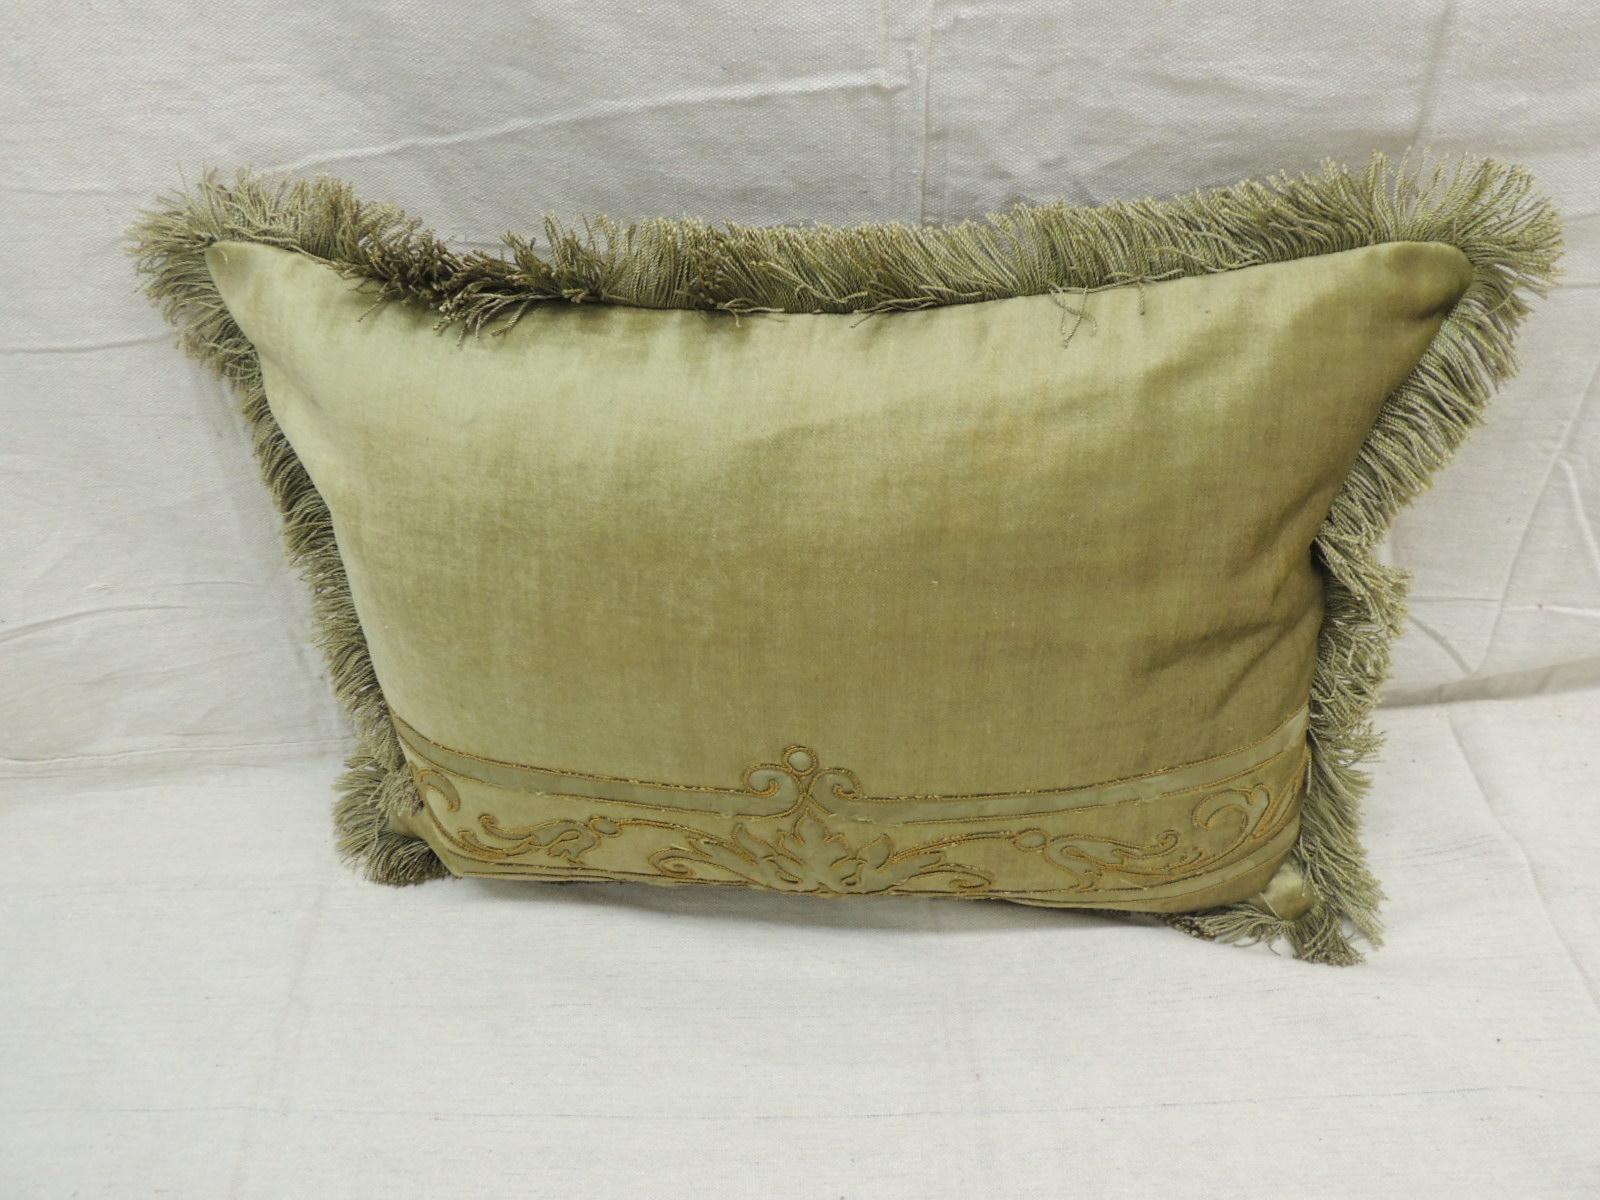 Antique silk velvet olive green applique decorative Bolster pillow.
Silk brocade embroidered green silk threads and applied onto silk velvet.
Original silk Brush trim from panel was used on pillows all around as trim.
(New) small check geen and
+++
[What is expected]
All of the data is to be reproduced exactly, with the pictures left out.

[Written solution]
 Antique silk velvet olive green applique decorative Bolster pillow.
Silk brocade embroidered green silk threads and applied onto silk velvet.
Original silk Brush trim from panel was used on pillows all around as trim.
(New) small check geen and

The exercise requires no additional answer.